SoftBank itself is a creature of volatile markets. Its earnings swing wildly because the company invests heavily in startups and semiconductor firms whose stock prices can move dramatically. This quarter's profit surge is real, but it is also a function of timing and valuation, not necessarily underlying business strength. Jefferies, the equity research firm, noted last month that SoftBank stock has surged more than 140 percent so far in 2025, driven largely by excitement about the company's OpenAI exposure. But the same analysts flagged serious cautions: OpenAI's presence in the enterprise market remains tiny, its transition from nonprofit to for-profit structure remains unresolved, and its relationship with Microsoft—which has poured tens of billions into the company—continues to evolve in unpredictable ways. Google, Anthropic, and other competitors are investing heavily, fragmenting the landscape.
SoftBank is also making other moves that suggest a diversification of faith. The company announced last month it would acquire ABB Robotics, the Swiss-Swedish firm, for nearly $5.4 billion. The purchase is framed as part of a pivot toward physical AI—robots and machines, not just software and algorithms. It is a hedge, in other words, against the possibility that the current AI boom, like so many before it, might be pricing in a future that takes longer to arrive than the market believes.
Notable Quotes
While OpenAI has strong consumer visibility, its share in the enterprise market is tiny. Its transition from non-profit to for-profit remains unresolved, and its relationship with Microsoft is still evolving.— Jefferies equity research
Artificial superintelligence is on the horizon, which will herald a technological revolution with new inventions and medicine.— Masayoshi Son, SoftBank founder
The Hearth Conversation Another angle on the story
Why would SoftBank sell $5.8 billion in Nvidia stock if the founder is so bullish on AI?

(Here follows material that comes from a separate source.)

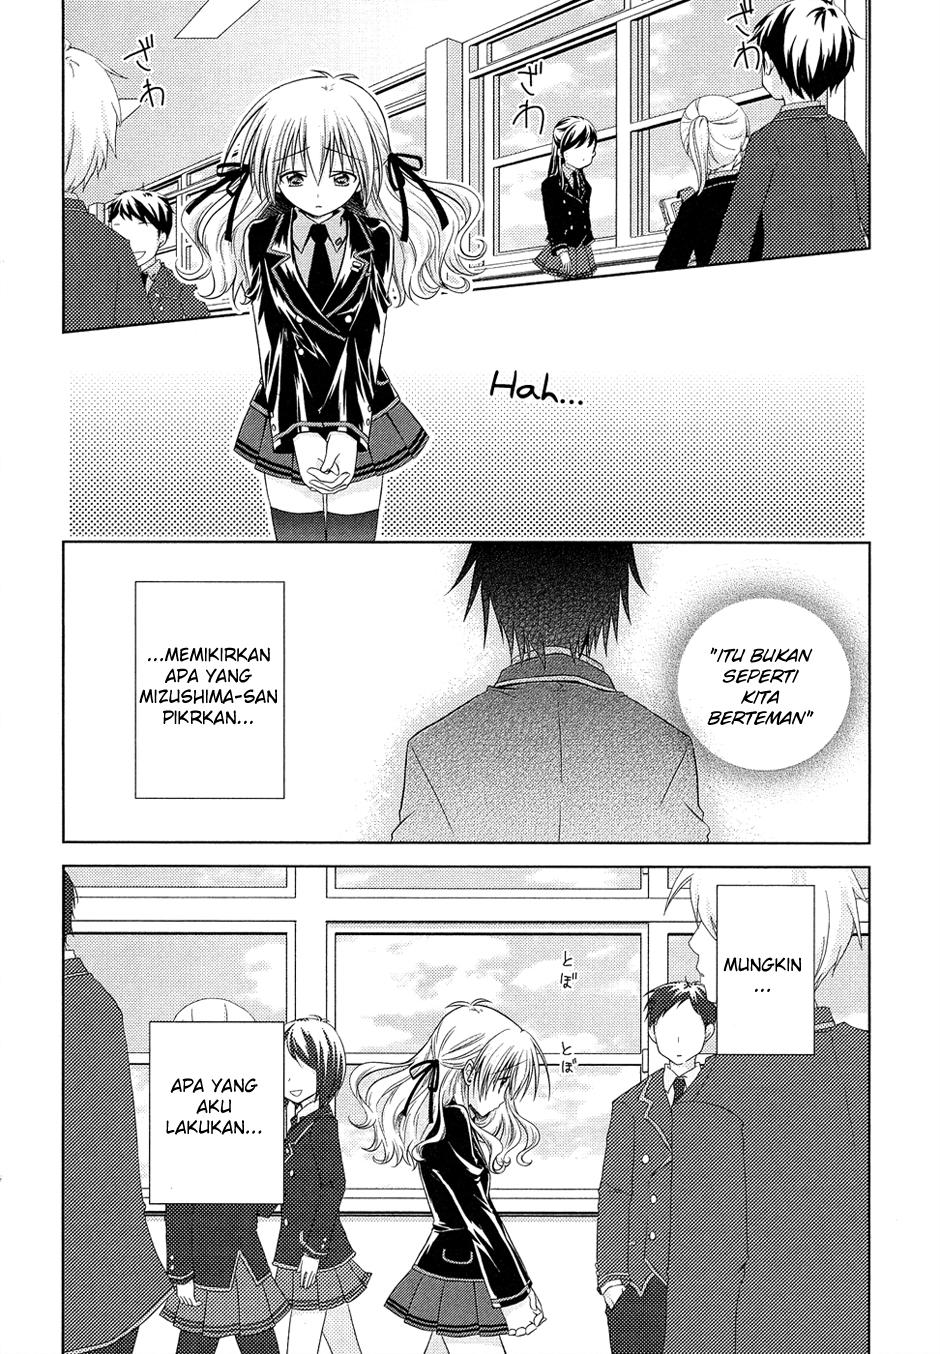 Komik iris zero 0010 11 Indonesia iris zero 0010 Terbaru 23|Baca Manga Komik Indonesia|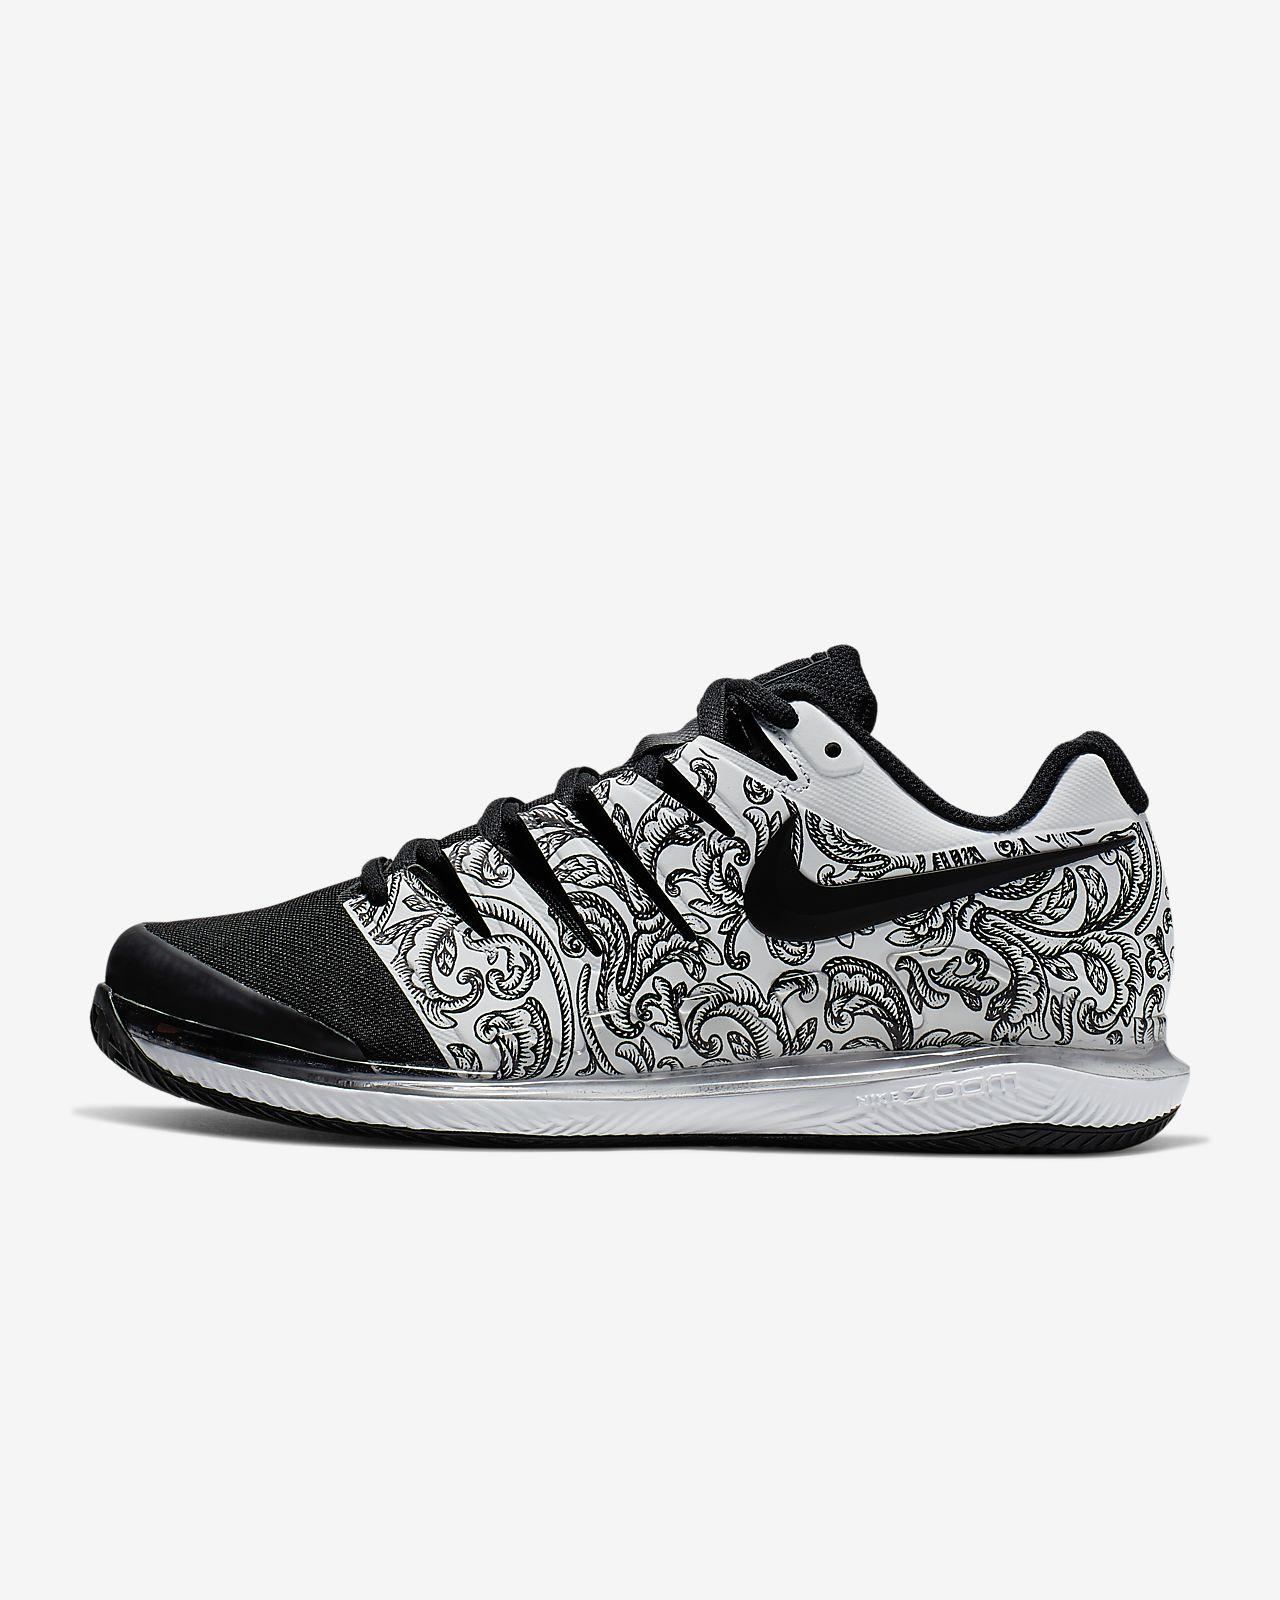 brand new a5757 4a28c Women s Tennis Shoe. Nike Air Zoom Vapor X Clay

Because Masayoshi Son can believe in the long-term revolution while still recognizing that current prices have gotten ahead of themselves. Selling at the peak is different from losing faith in the technology.
Is this the dot-com bubble happening again?
The parallels are real—the euphoria, the multi-billion-dollar deals, the sense that everything will change. But we don't know yet. The difference is that AI actually works. The question is whether it's worth what people are paying for it right now.
What does the ABB Robotics acquisition tell us?
It tells us SoftBank is hedging. If the software AI boom cools, physical AI—robots, machines—might be where the real value is. It's a bet on the technology, but a more diversified one.
OpenAI has a tiny enterprise market share. Isn't that a red flag?
It is. Consumer enthusiasm doesn't always translate to business revenue. OpenAI is still figuring out how to make money from enterprises, and Microsoft is its primary partner. That relationship could shift.
So SoftBank made $16 billion this quarter on paper. Is that real money?
It's real in the sense that the stock valuations are real—for now. But it's also a function of timing. If those AI stocks fall 30 percent, the profit evaporates. That's why the company is selling Nvidia shares.